How many drug development companies leave it up to the CRO or CMO to design or execute their studies or formulation/manufacturing without oversight? Like those who boarded the Titantic 100 years ago, they seem to trust the mantra that their contractor’s work is unsinkable. MAP Pharmaceuticals seemed to do just that – the approval of their 505(b)(2) dihydroergotamine inhalation aerosol was blocked by deficiencies at the contract manufacturer.
When the Titanic was being designed the engineers were confident that the ship couldn’t sink. Normally a ship like this would require 64 lifeboats to accommodate all of the passengers.

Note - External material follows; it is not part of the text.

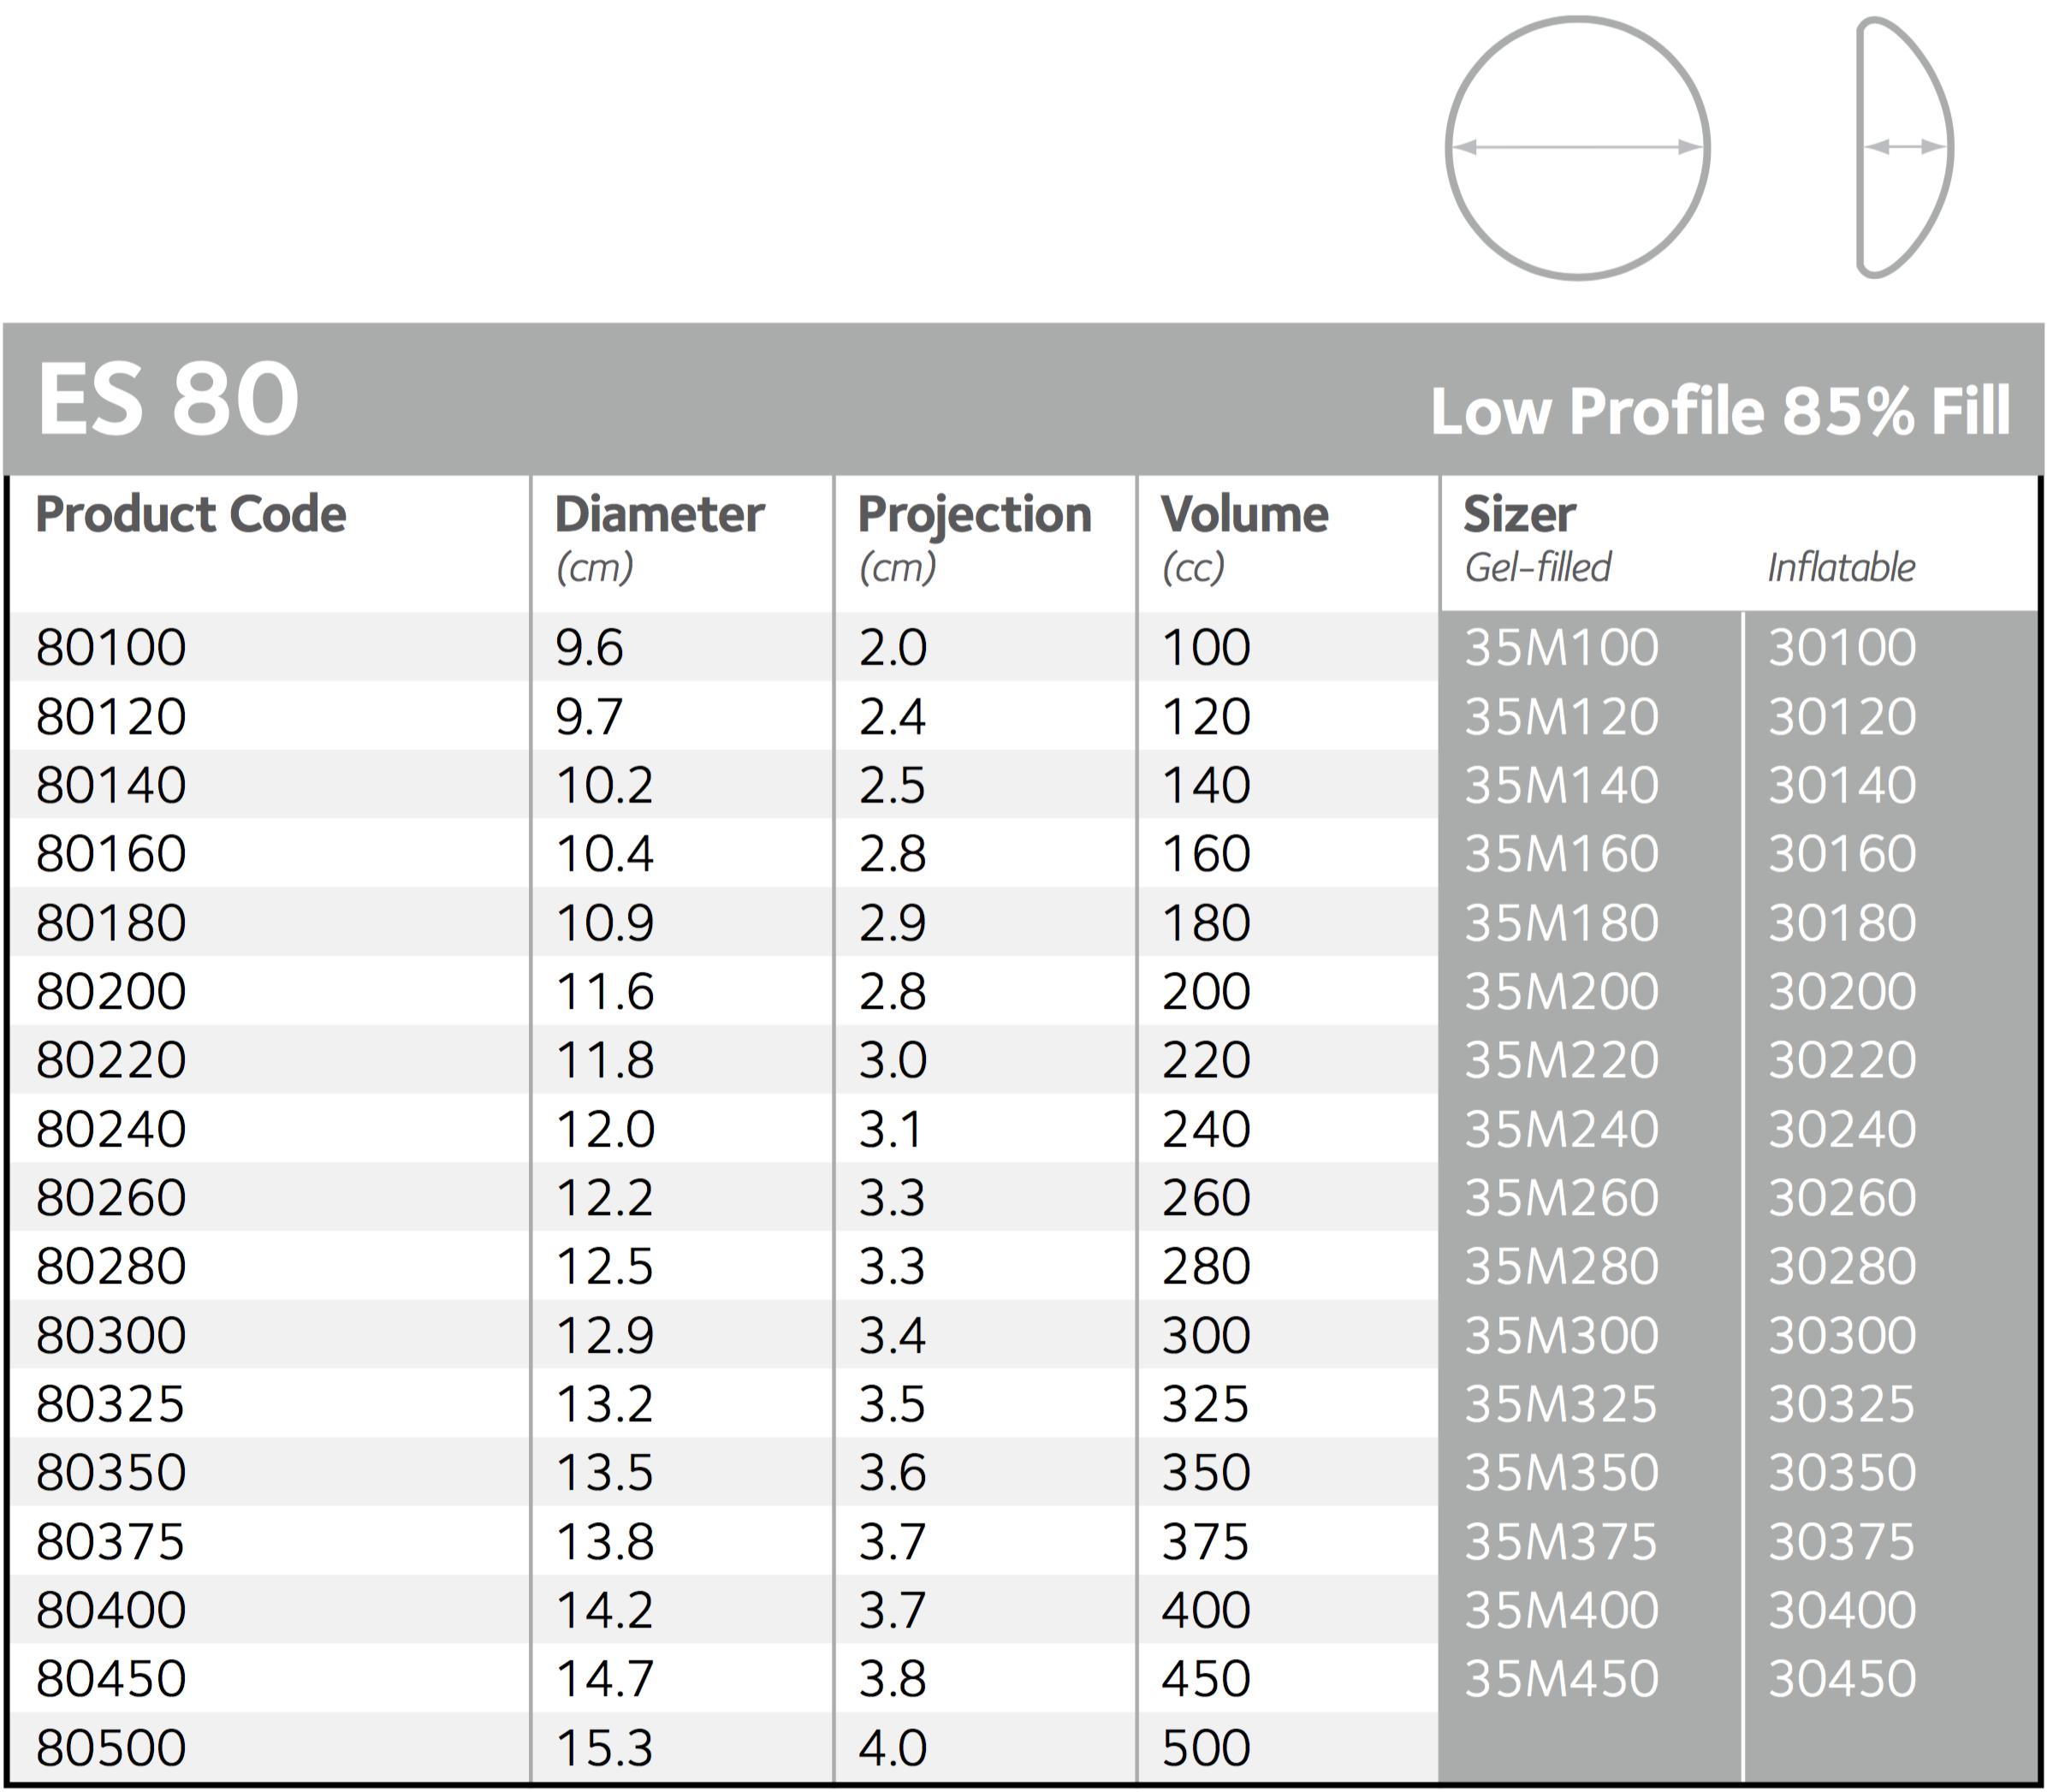 EuroSilicone ES 80 Low Profile

Yet, the ship’s owner declared that having 64 life boats would cause passengers to believe the ship could sink. Thus, he ordered the minimum number of lifeboats – 16 (as shown below, #16 was on the aft port deck).

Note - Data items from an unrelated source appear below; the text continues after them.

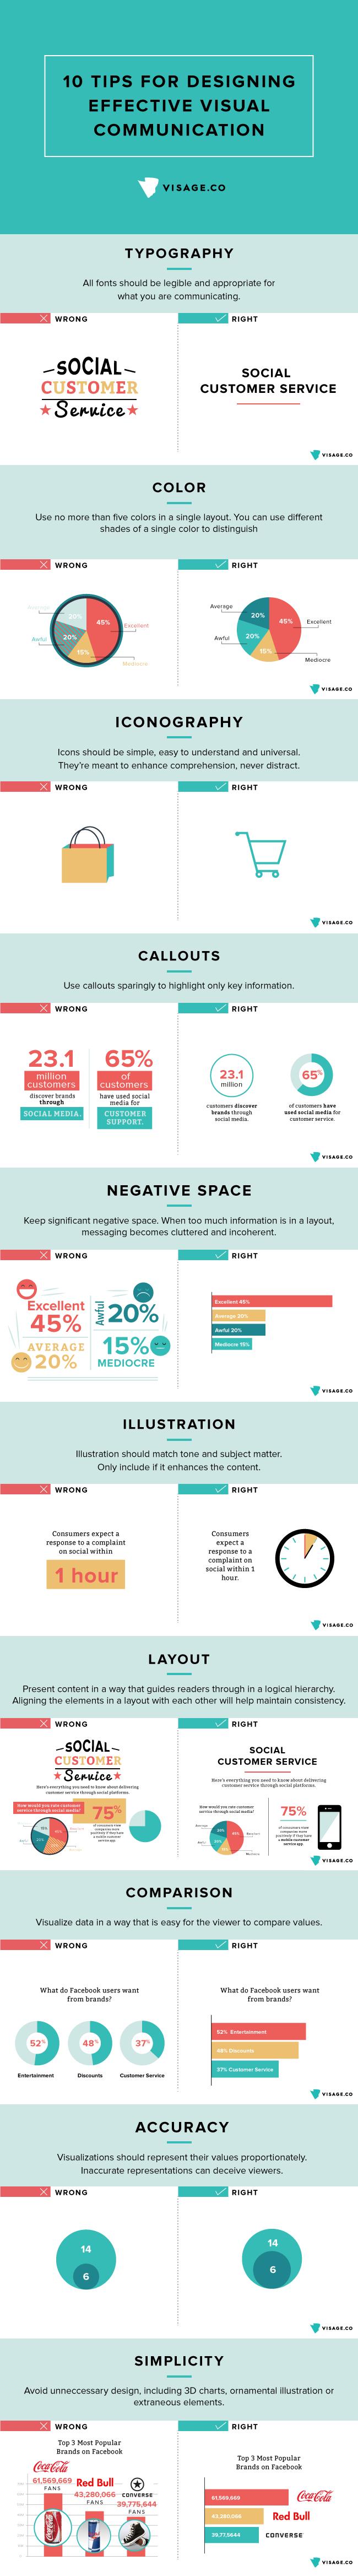 Designing Effective Visual Communication Infographic
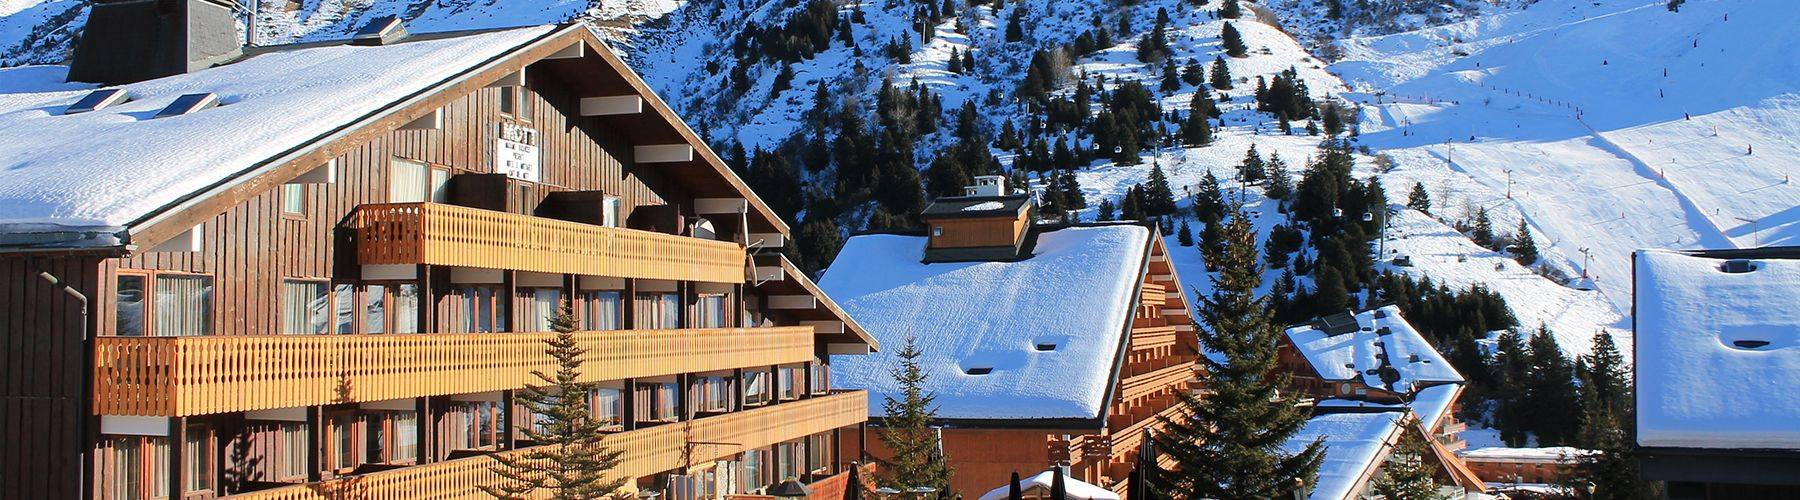 Madame Vacances Hotel Le Mottaret
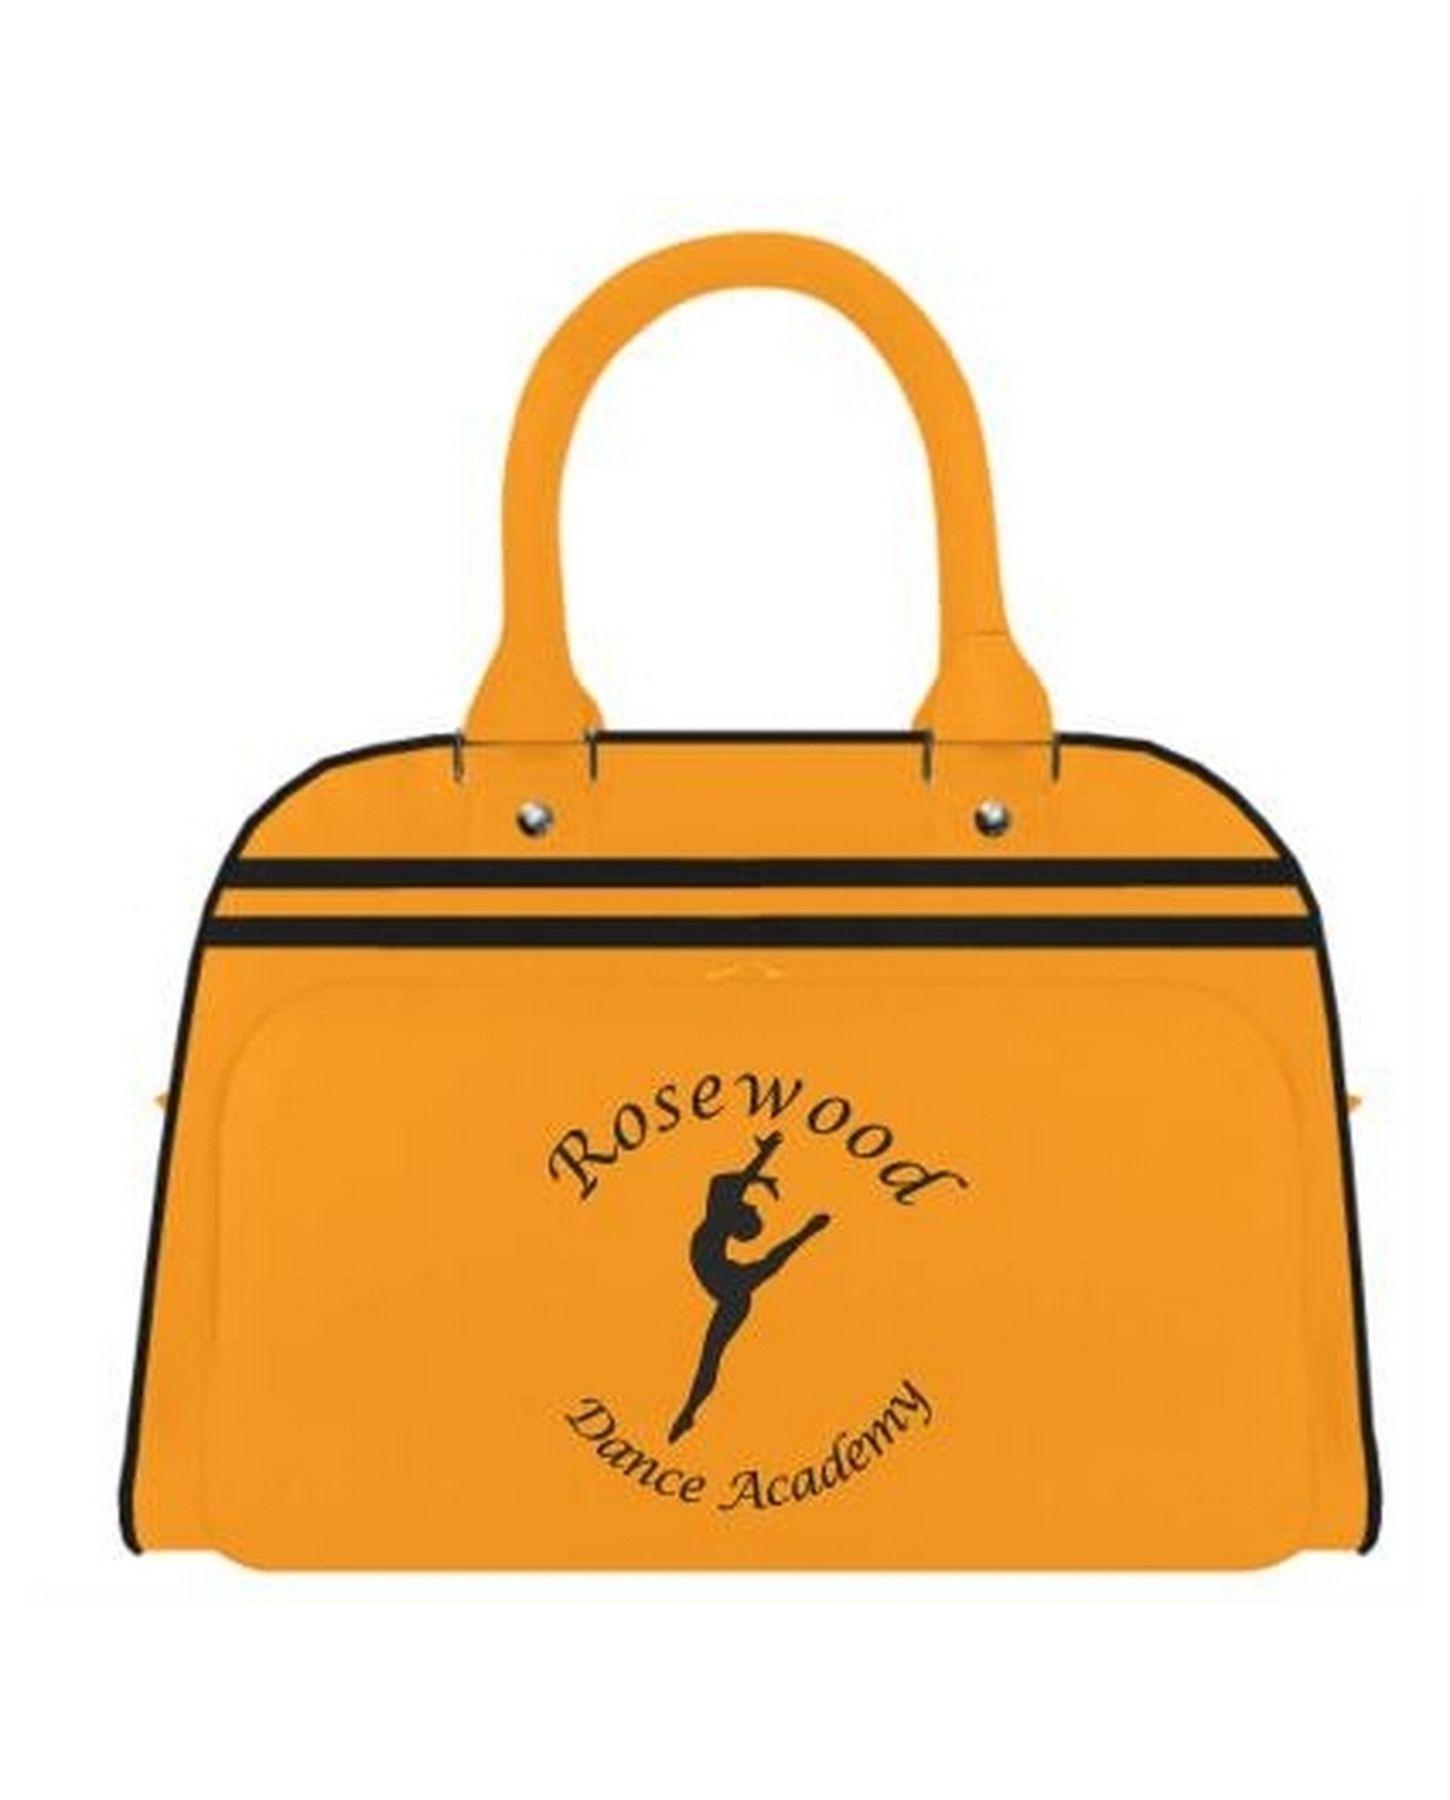 Rosewood Bag Large Bowler

I certainly don’t believe that all CRO’s and CMO’s are “sinkable”. But I do believe that drug development companies must oversee their work. In the last couple of years, Camargo has been brought in to ‘re-float’ CMC and clinical studies. An injectable CMO went out of business, another has suspended production. A CRO has declared bankruptcy and another had a couple of investigator sites shade data.

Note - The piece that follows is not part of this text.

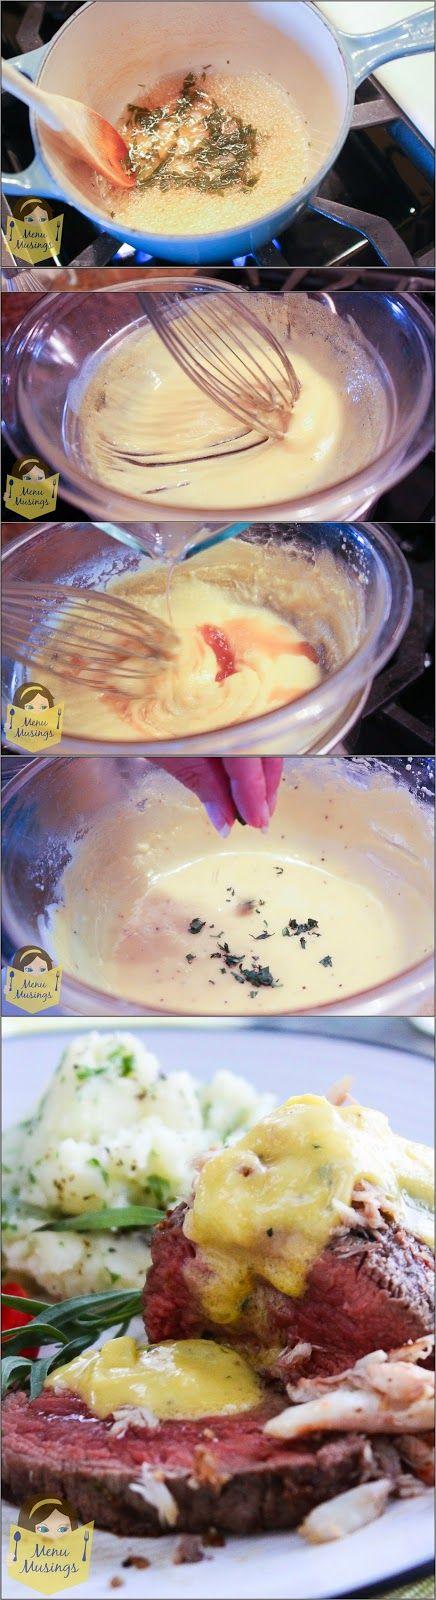 how to make bernase sauce

Moreover, CRO’s and CMO’s expect to have input from the sponsor. When the sponsor’s business model is outsourcing, they should use a service organization, such as Camargo, to make sure their best interests are served. Yes, 64 life boats are expensive – it is cheaper to leave the CRO or CMO alone. Or is it? You choose – MAP Pharmaceuticals has an expensive and time consuming task ahead of them.